Die Eltern des Grundgesetzes haben mit Artikel 16 ganz bewußt eine spezifische Konsequenz aus der nationalsozialistischen Schreckensherrschaft ziehen wollen. Es war eine Art Dank an die Völkergemeinschaft für die Aufnahme von 800.000 Flüchtlingen aus Hitlerdeutschland, aber auch eine Selbstverpflichtung dazu, keinesfalls, wie in Tausenden anderen Fällen während der Nazi-Zeit auch geschehen, Flüchtlinge an der Grenze abzuweisen.

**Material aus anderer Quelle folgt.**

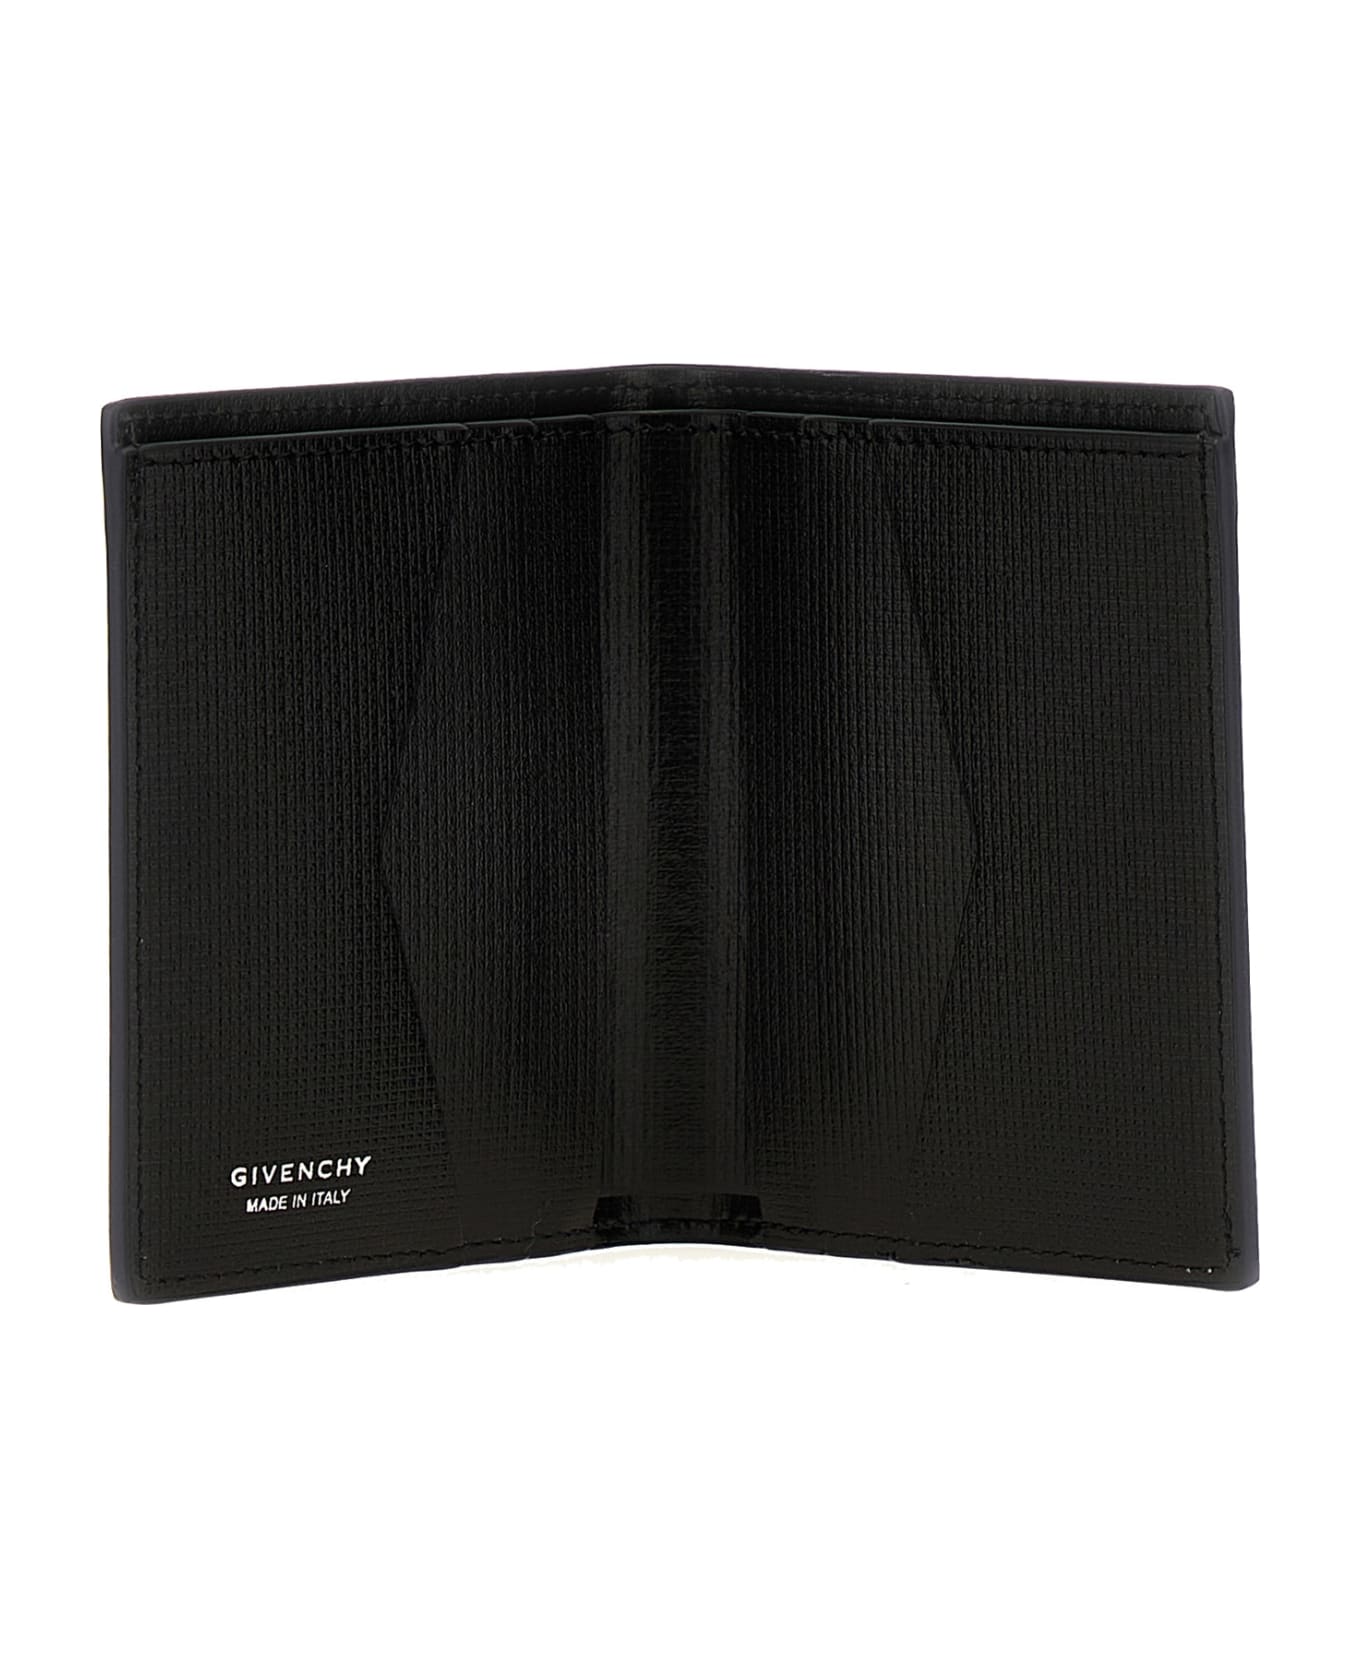 Givenchy 'classique 4g' Card Holder - Multicolor

Man kann ohne Übertreibung sagen, die Bundesrepublik habe in einer historischen Verantwortung mit diesem Artikel über alle geltenden Menschenrechtskonventionen hinaus einen neuen Standard gesetzt, indem sie einzelne Menschen nicht nur als Flüchtlinge aufnimmt und schützt, sondern ihre Aufnahme zu einem Recht ausgestaltet, das mit allen Rechtsweggarantien, die ein heutiger Rechtsstaat seinen Bürgern gewährt, versehen ist.

Bundestag und Bundesregierung sind aus geschichtlicher Verantwortung heraus verpflichtet, sich auf europäischer und internationaler Ebene für die Deklarierung des Asylrechts als Menschenrecht einzusetzen. Die Bundesrepublik hat auf der Genfer Asylkonferenz 1977 den Versuch unternommen, eine ähnliche Erklärung wie die des Artikels 16 international durchzusetzen. Sie ist damals mit diesem Versuch gescheitert, ohne ihn je wieder aufzunehmen.